Institute of Neurology, Department of Medical Sciences, University "Magna Graecia" of Catanzaro, Italy.
Biotecnomed S.C.aR.L, Catanzaro, Italy.
Parkinsonism Relat Disord. 2018 Nov;56:20-26. doi: 10.1016/j.parkreldis.2018.06.005. Epub 2018 Jun 5.
Essential tremor-Parkinson's disease (ET-PD) syndrome is a clinical condition in which individuals with a long-lasting history of Essential tremor (ET) eventually develop Parkinson's disease (PD). The aim of the study was to investigate the accuracy performances of clinical, neurophysiological, and imaging biomarkers in differentiating patients affected by ET-PD syndrome from patients with ET or PD.
Nineteen patients affected by ET-PD syndrome, 48 ET patients, and 37 tremor-dominant PD (t-PD) patients were included. Electrophysiological studies, including blink-reflex recovery cycle and tremor parameters analyses, were performed in all groups. Nigro-striatal and cardiac sympathetic denervation were also investigated. Sensitivity, specificity and accuracy of clinical, electrophysiological, and radiological features in differentiating ET-PD syndrome from ET and PD were calculated.
ET-PD patients had significantly lower rigidity (p = 0.007) and higher postural/kinetic tremor (p = 0.007) scores, in comparison to t-PD patients. ET-PD patients, differently from PD patients, had a synchronous pattern of resting tremor and, differently from ET patients, had abnormal blink-reflex recovery cycle. ET-PD patients also showed reduced nigro-striatal and cardiac sympathetic uptakes, albeit to a lesser extent than in PD patients. The highest accuracy values were found for the synchronous pattern of resting tremor (97.1%) in distinguishing ET-PD from PD, and for presence of abnormal blink-recovery cycle (100%) in distinguishing ET-PD syndrome from ET.

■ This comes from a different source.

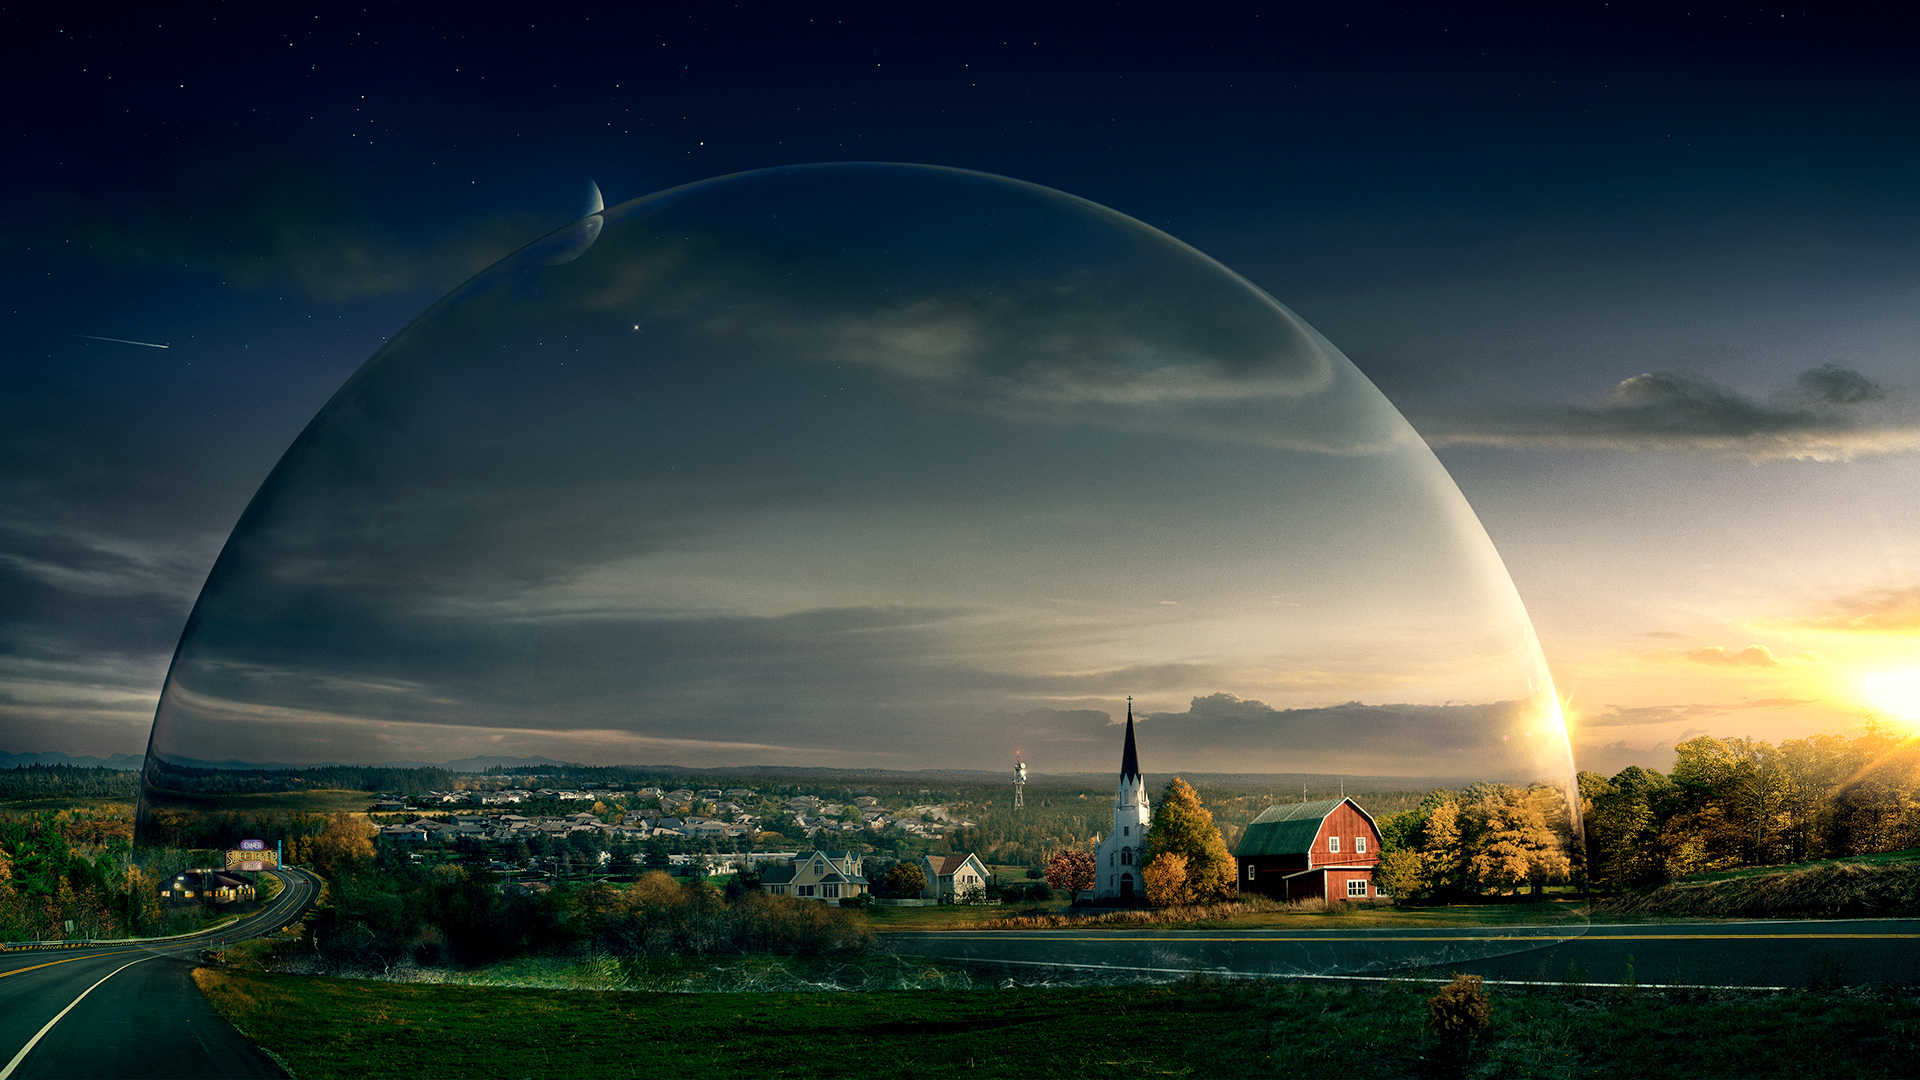 TV Show Under The Dome HD Wallpaper | Background Image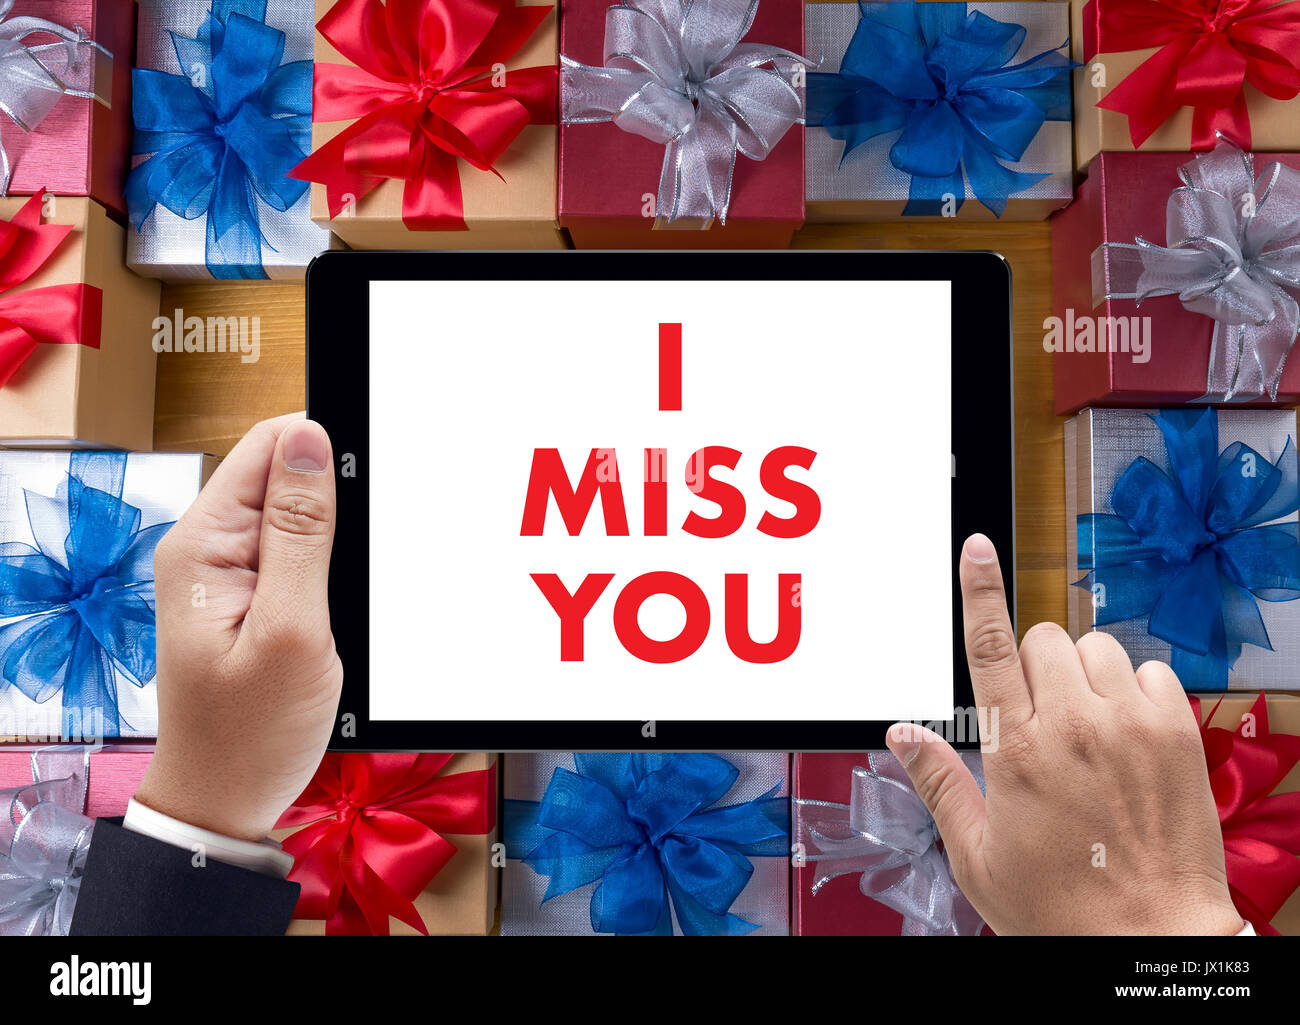 I MISS YOU I Love You too gift Happiness Care Passion Romance ...

Our study demonstrates that some electrophysiological parameters, such as a synchronous resting tremor pattern and the abnormal blink-recovery cycle were the most accurate biomarkers in distinguishing patient with ET-PD syndrome from those with ET or those with PD.
特发性震颤-帕金森病(ET-PD)综合征是一种临床情况,患有长期特发性震颤(ET)的个体最终会发展为帕金森病(PD)。本研究旨在探讨临床、神经生理学和影像学生物标志物在区分 ET-PD 综合征患者、ET 患者和 PD 患者中的准确性表现。
纳入 19 例 ET-PD 综合征患者、48 例 ET 患者和 37 例震颤为主的帕金森病(t-PD)患者。所有组均进行了电生理学研究,包括眨眼反射恢复周期和震颤参数分析。还研究了黑质纹状体和心脏交感神经去神经支配。计算了区分 ET-PD 综合征与 ET 和 PD 的临床、电生理和影像学特征的敏感性、特异性和准确性。
与 t-PD 患者相比,ET-PD 患者的僵硬评分明显较低(p=0.007),姿势/运动性震颤评分较高(p=0.007)。与 PD 患者不同,ET-PD 患者的静止性震颤呈同步模式,与 ET 患者不同,其眨眼反射恢复周期异常。ET-PD 患者的黑质纹状体和心脏交感神经摄取减少,尽管程度低于 PD 患者。在区分 ET-PD 与 PD 时,静止性震颤的同步模式的准确性最高(97.1%),在区分 ET-PD 与 ET 时,眨眼反射恢复周期异常的准确性最高(100%)。
我们的研究表明,一些电生理参数,如同步的静止性震颤模式和异常的眨眼反射恢复周期,是区分 ET-PD 综合征患者与 ET 患者或 PD 患者的最准确的生物标志物。